Aim of the task
Any picture must be dropped, but each line of the data should be duplicated exactly.

Data shown
%%
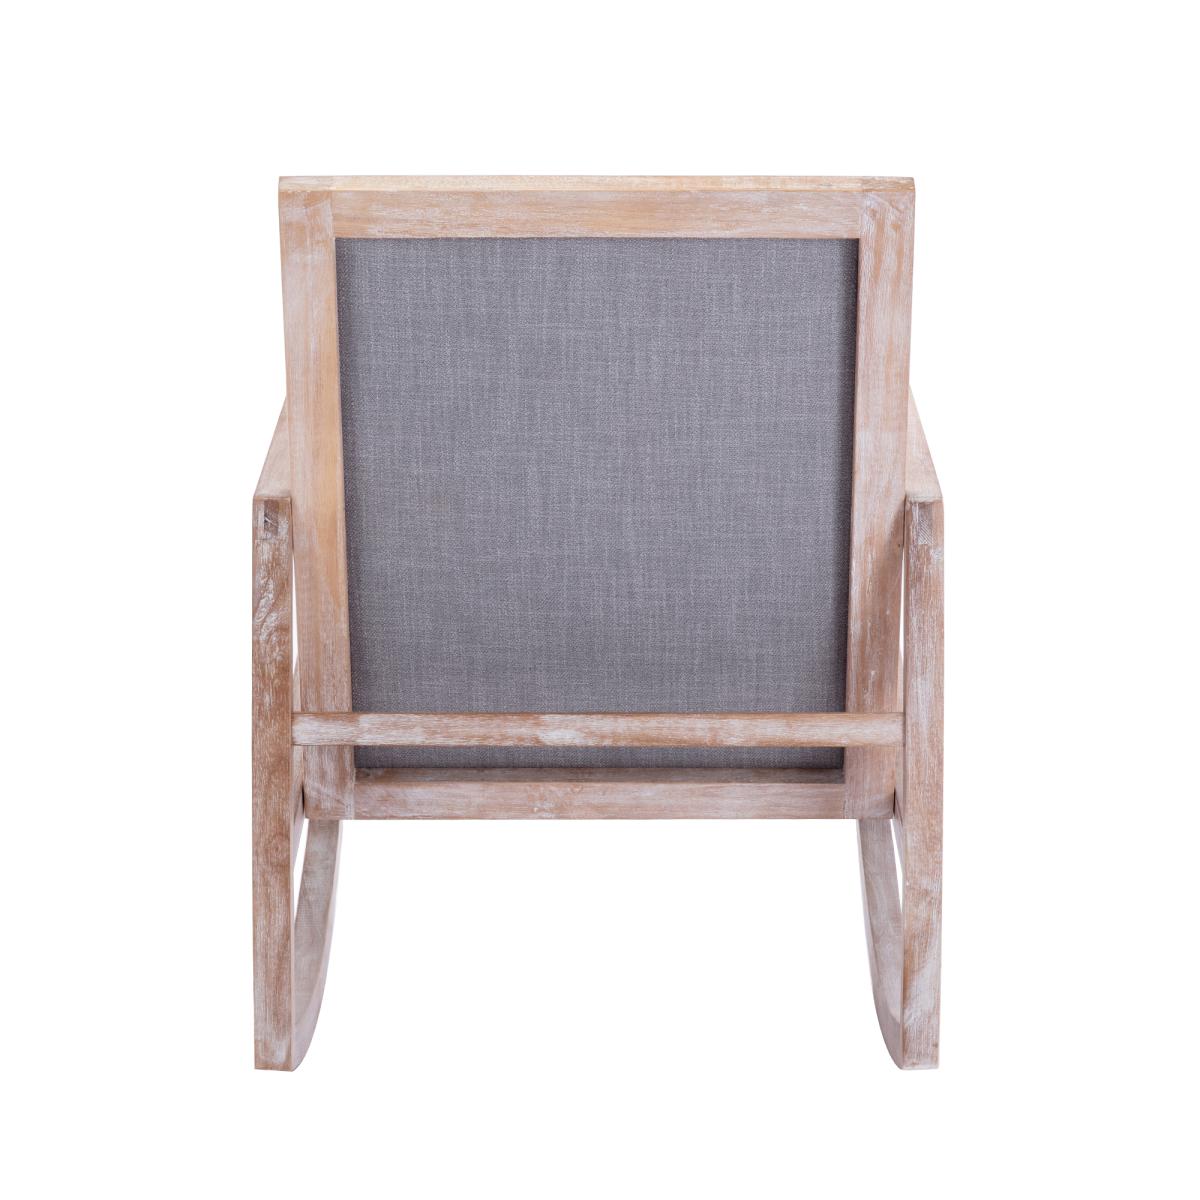 Solid wood linen fabric antique white wash painting rocking chair with removable lumbar pillow
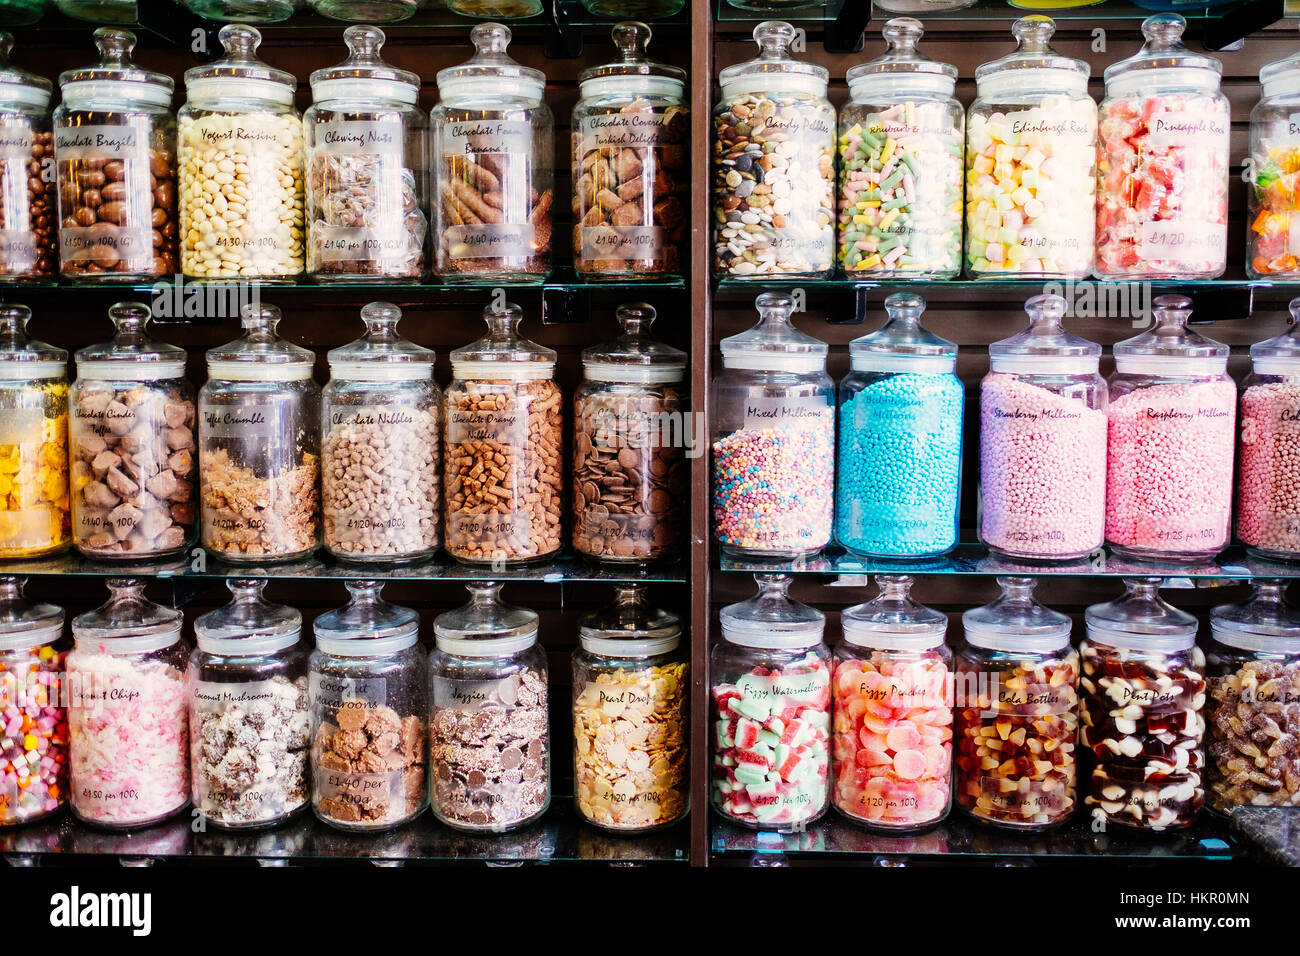 A traditional display of jars in a sweet shop in Dorset, England, UK Stock Photo
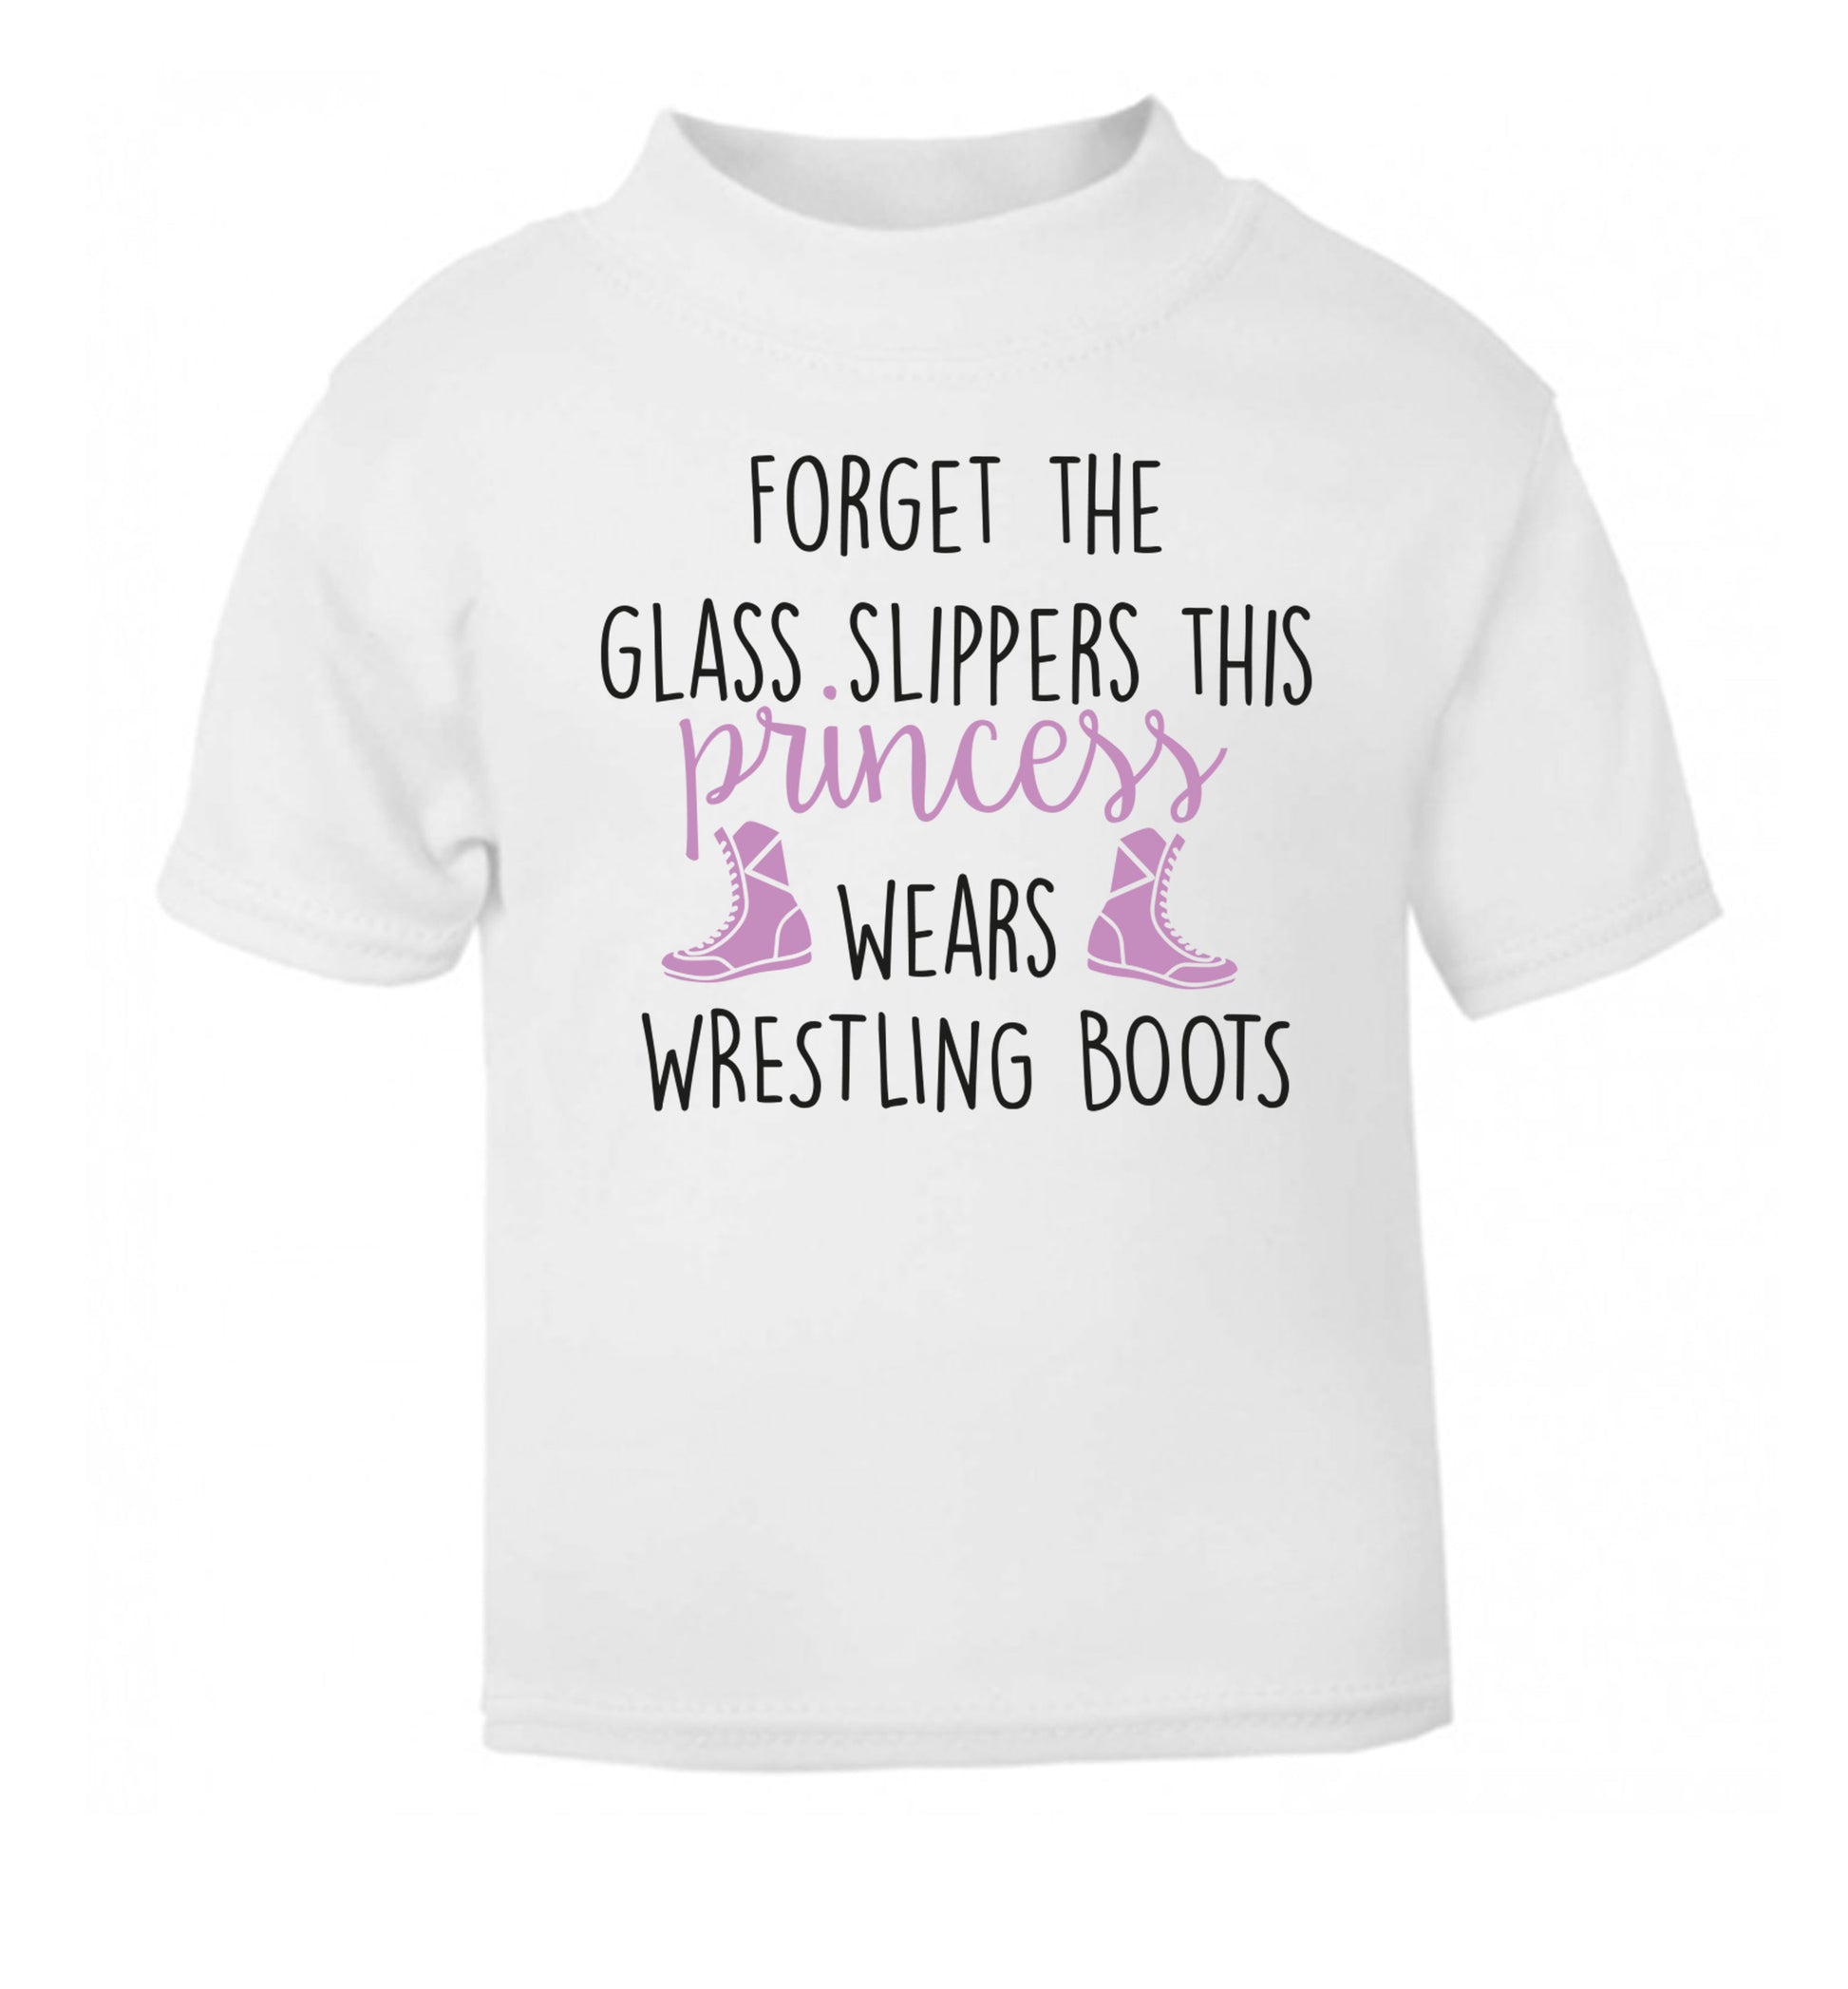 Forget the glass slippers this princess wears wrestling boots white Baby Toddler Tshirt 2 Years
%%
Task response
 Solid wood linen fabric antique white wash painting rocking chair with removable lumbar pillow
 A traditional display of jars in a sweet shop in Dorset, England, UK Stock Photo
 Forget the glass slippers this princess wears wrestling boots white Baby Toddler Tshirt 2 Years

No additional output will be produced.